For teams deploying LLM agents in production, this paper provides a concrete risk assessment framework and benchmark that should inform architecture decisions before deployment rather than after incidents occur. Specifically, engineers should understand that tool-augmented agents require defense layers beyond standard LLM safety measures—including sandboxed tool execution, strict API permission boundaries, input validation at tool invocation time, and explicit state isolation between tool calls. The 205-case benchmark can be adapted to evaluate custom agent frameworks before production rollout, helping teams identify vulnerability classes early in development. The trade-off is clear: agents are more capable (they can interact with external systems) but substantially riskier, so adopting this evaluation methodology requires building robust guardrails and acceptance testing infrastructure. Organizations deploying agents should expect to invest in security evaluation effort proportional to the number of tools and APIs the agent can access, as each new integration expands the attack surface.

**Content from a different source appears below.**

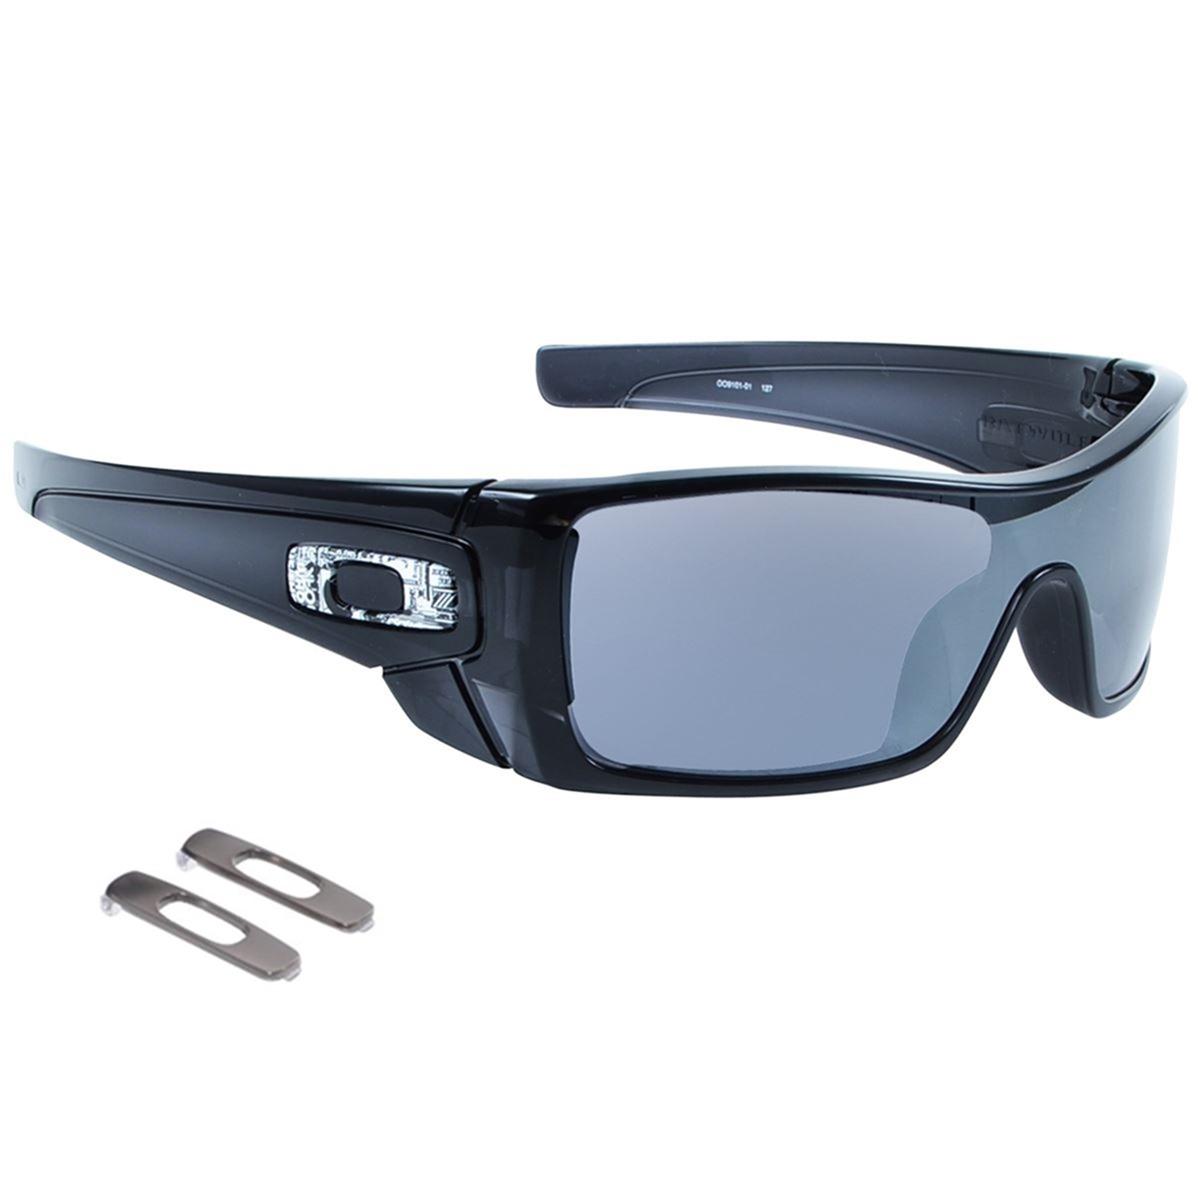 e3858c4efa6e6 óculos masculino oakley batwolf. Carregando zoom.

Limitations and When Not to Use This

The paper evaluates only six specific OpenClaw variants, leaving open the question of how findings generalize to other agent frameworks (ReAct, multi-agent systems, hierarchical agents) or to custom in-house implementations that may have different architectures. The threat model assumes adversaries can craft malicious inputs or poison tool outputs, but does not address supply-chain attacks (compromised model weights), sophisticated gradient-based attacks, or adversaries with internal access to the agent infrastructure. The benchmark is static—205 fixed test cases—so it may not capture novel attack strategies discovered after publication or attacks that require adaptive, multi-turn exploitation. Additionally, the paper does not propose concrete mitigations or defenses, so readers get a clear picture of the problem landscape but limited guidance on how to fix each vulnerability class; follow-up work on agent-specific defense mechanisms would be valuable.

Research Context

This work builds on a growing body of AI safety research that has extended from model-only evaluation (testing LLMs in isolation) to systems-level evaluation (testing models embedded in larger applications). It complements prior work on adversarial robustness of language models and prompt injection attacks, but extends the threat model to include framework-level logic and tool-execution semantics. The paper contributes to the agent security research direction that includes work on tool use in language models, multi-agent coordination safety, and autonomous system security. The benchmark itself is a research artifact that will likely become a standard evaluation tool in the agent security community, similar to how other security benchmarks (e.g., for adversarial examples) have become infrastructure for the field.